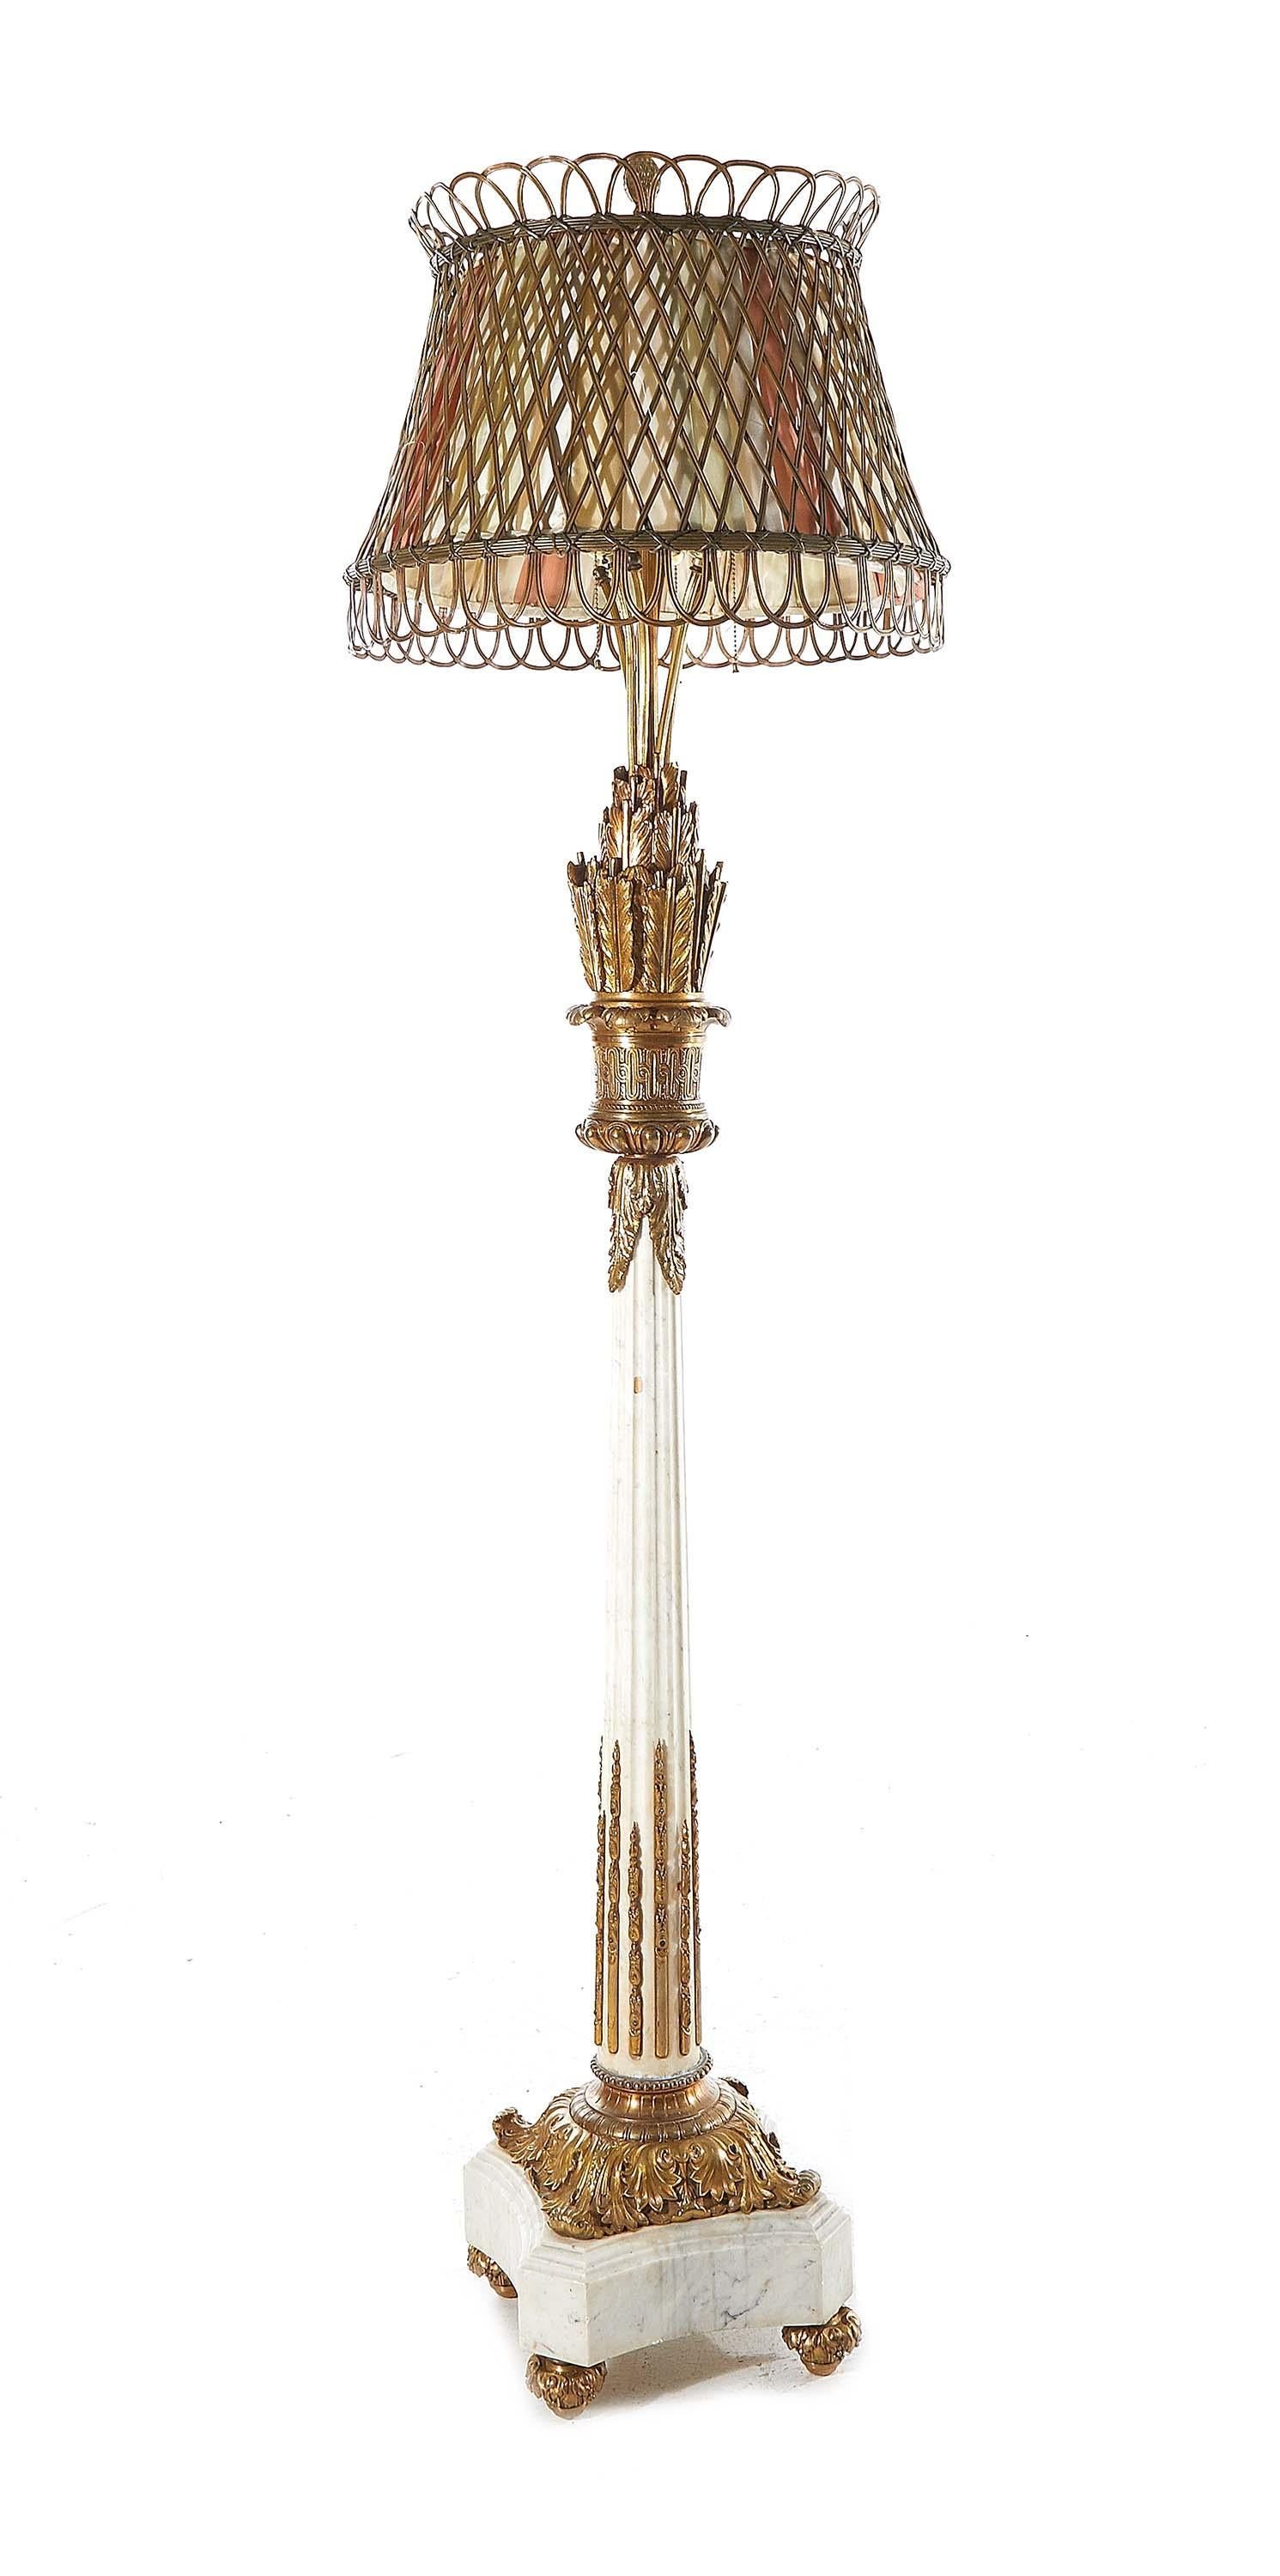 Impressionnant lampadaire de style Louis XVI en bronze doré et marbre. Abat-jour en bronze ajouré avec doublure en tissu ; supporté par une tige avec plume et flèche, colonne cannelée et socle quadrilobé, avec montures en bronze. 
Dimensions :
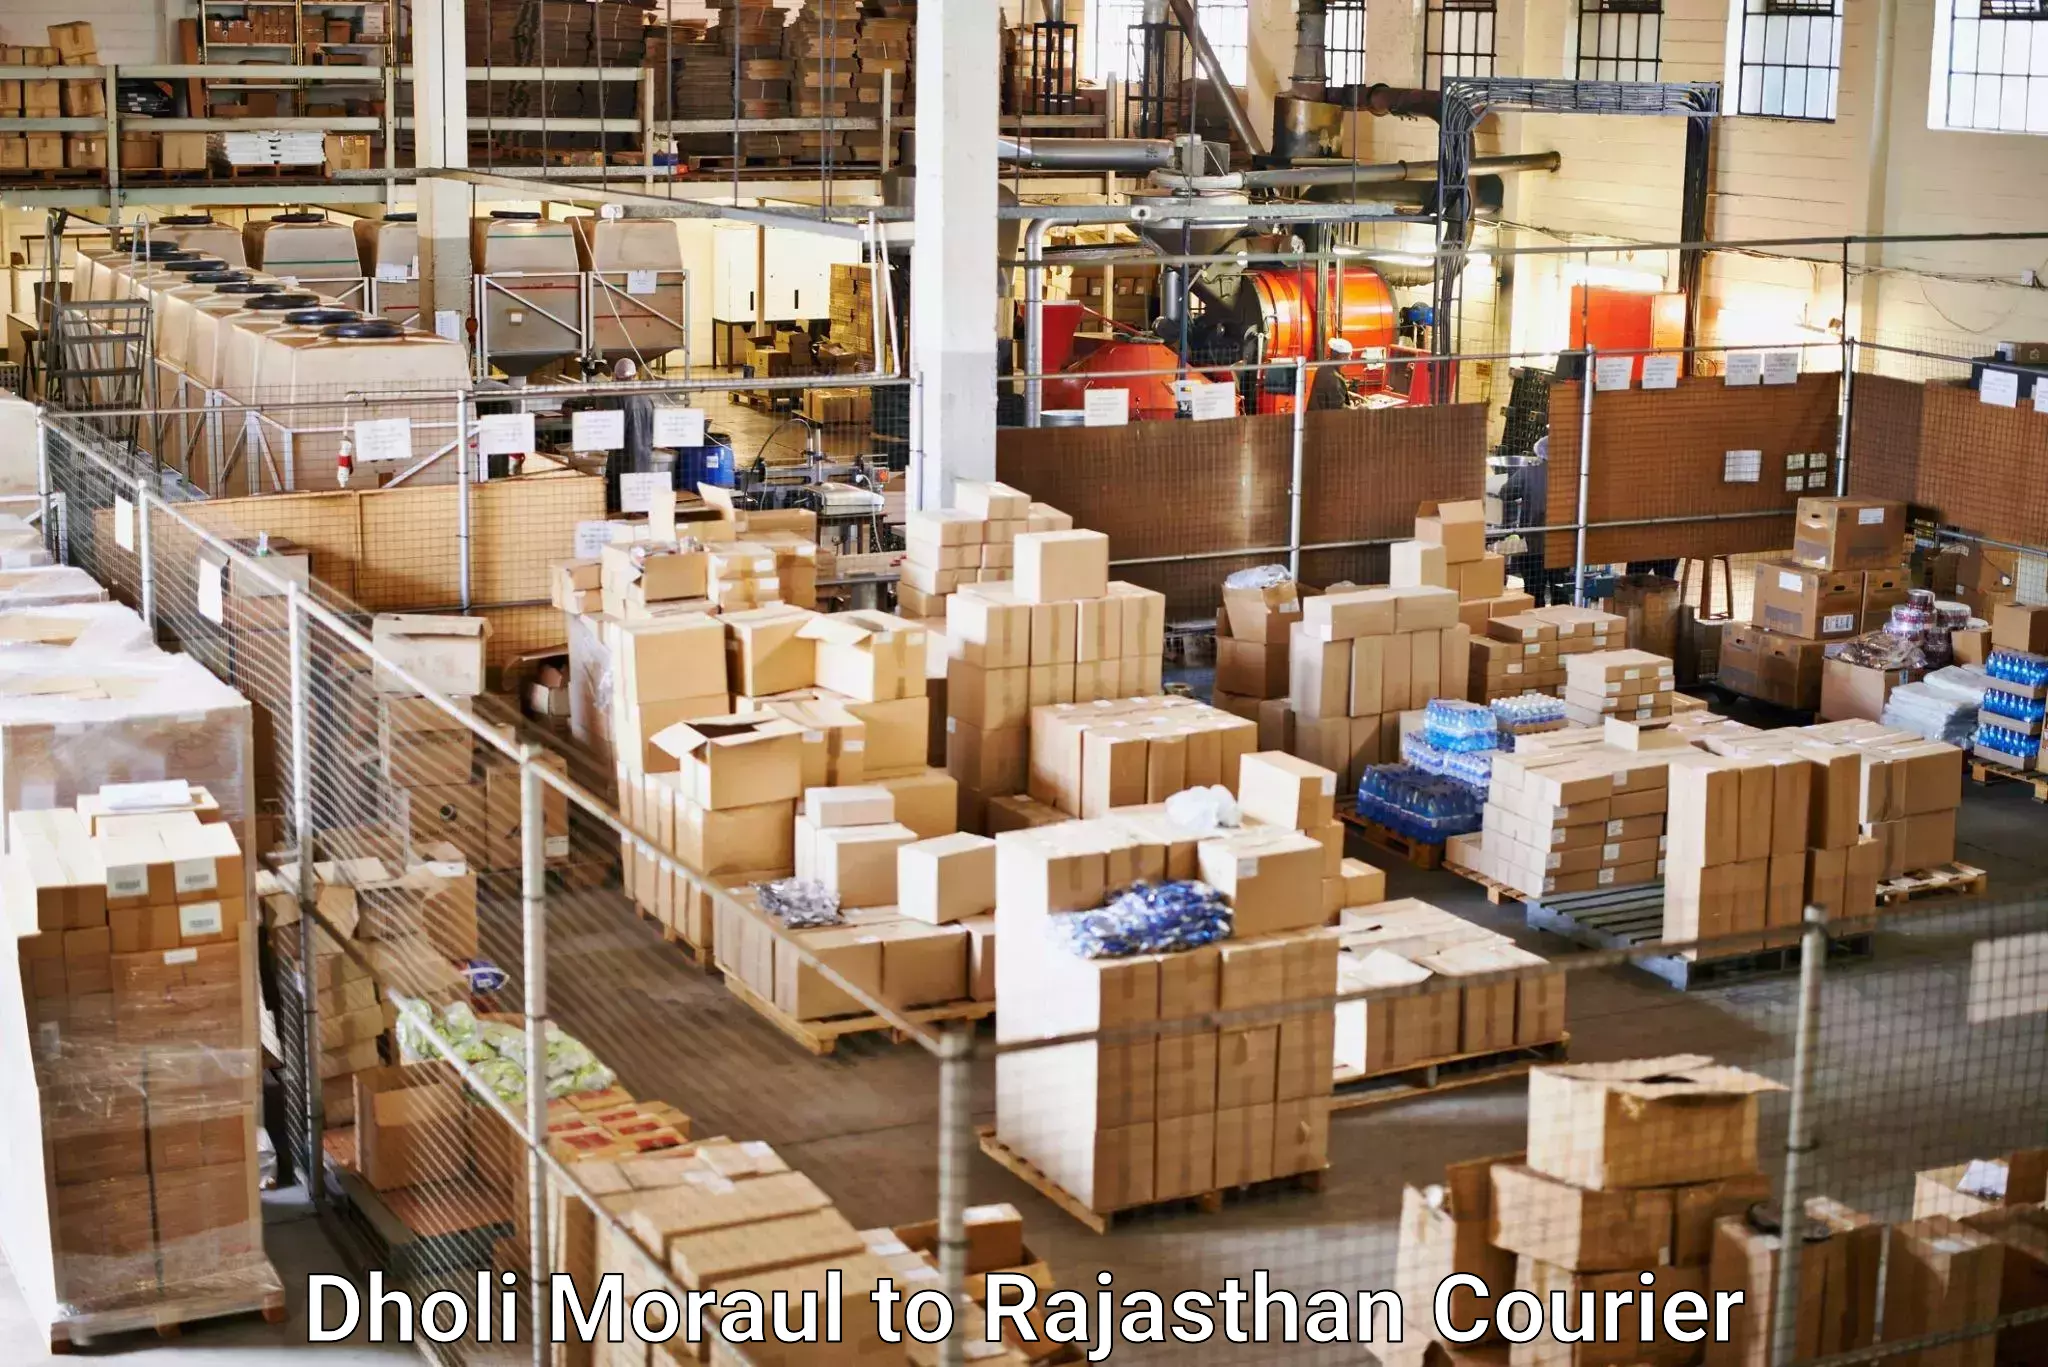 Courier service comparison Dholi Moraul to Suratgarh

** PROBLEM TO SOLVE **
If a picture appears in the data, omit it; transcribe all the rest exactly.

** RESPONSE TO THIS EXERCISE **
 Impressionnant lampadaire de style Louis XVI en bronze doré et marbre. Abat-jour en bronze ajouré avec doublure en tissu ; supporté par une tige avec plume et flèche, colonne cannelée et socle quadrilobé, avec montures en bronze. 
Dimensions :
 Courier service comparison Dholi Moraul to Suratgarh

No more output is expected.